Use Cases and Adoption

DRMAA found use in batch processing for large-scale simulation campaigns, bioinformatics pipelines, and high-throughput data analysis at centers such as Broad Institute, Sanger Institute, and Max Planck Society. Workflow managers and pipeline frameworks leveraged DRMAA to submit array jobs for genomics workloads, molecular dynamics runs for groups at Argonne National Laboratory, and parameter sweeps in computational chemistry at Lawrence Livermore National Laboratory. Universities including Harvard University, Princeton University, and University of Tokyo adopted DRMAA-enabled tools for campus clusters.

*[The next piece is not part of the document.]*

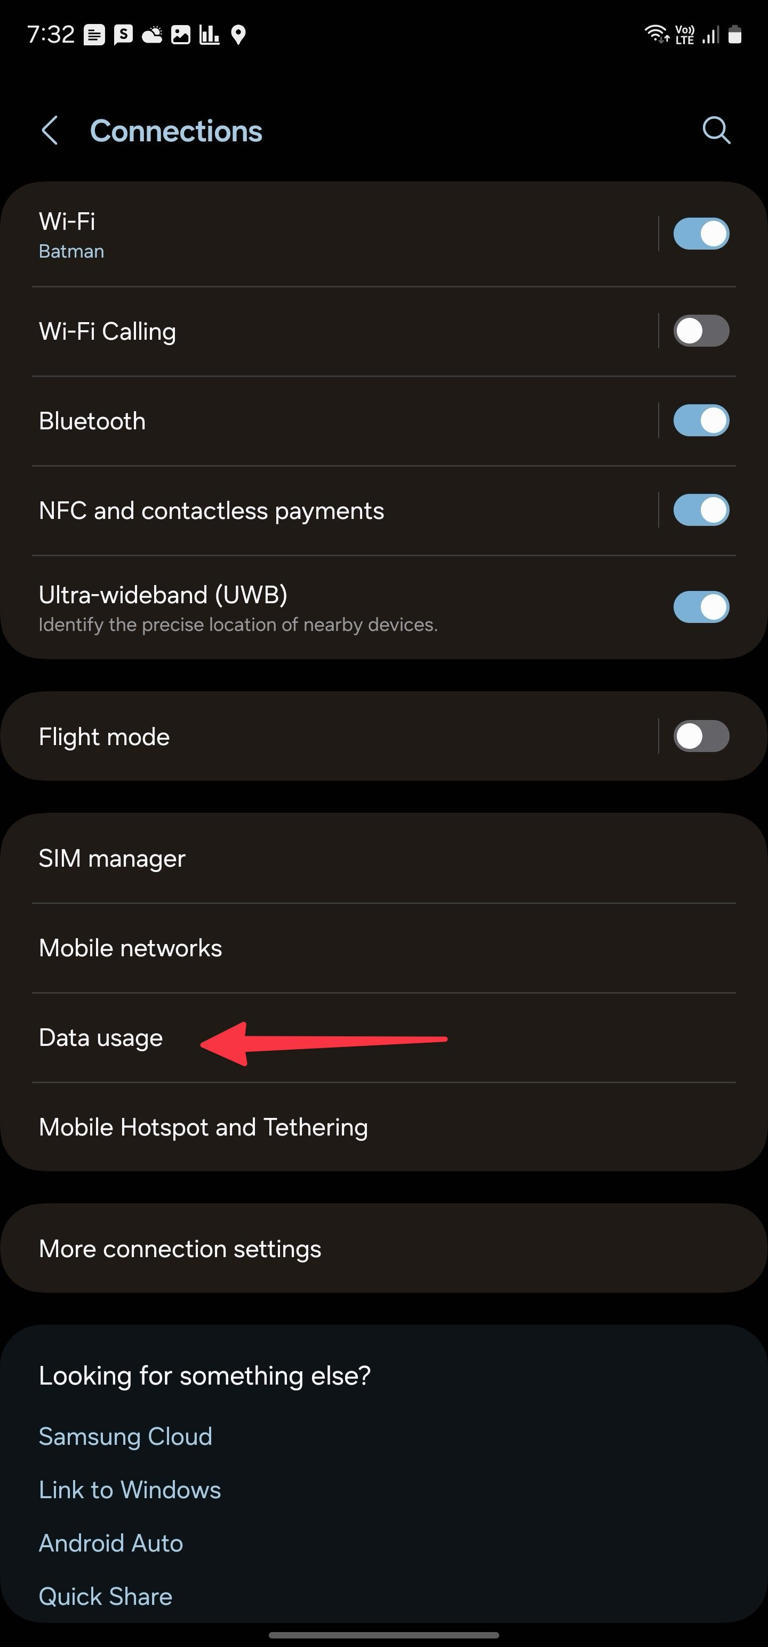 red solid arrow pointing to data usage on Samsung

Integration with portals and science gateways at XSEDE and PRACE helped researchers submit jobs from web interfaces that abstract scheduler differences.

Security and Limitations

Security considerations center on authentication, authorization, and delegation between DRMAA clients and scheduler daemons. Implementations rely on native scheduler mechanisms such as Kerberos, LDAP, or local account mapping; concerns raised by administrators at Sandia National Laboratories and NCSA influenced deployment practices. Limitations include the original 1.0 specification's focus on batch semantics rather than interactive or containerized workloads, leading to gaps when integrating with orchestration systems like Kubernetes and container runtimes such as Docker and podman. Efforts to bridge DRMAA with cloud-native models involved projects at OpenStack and hybrid initiatives between academic consortia and vendors like Red Hat and Canonical.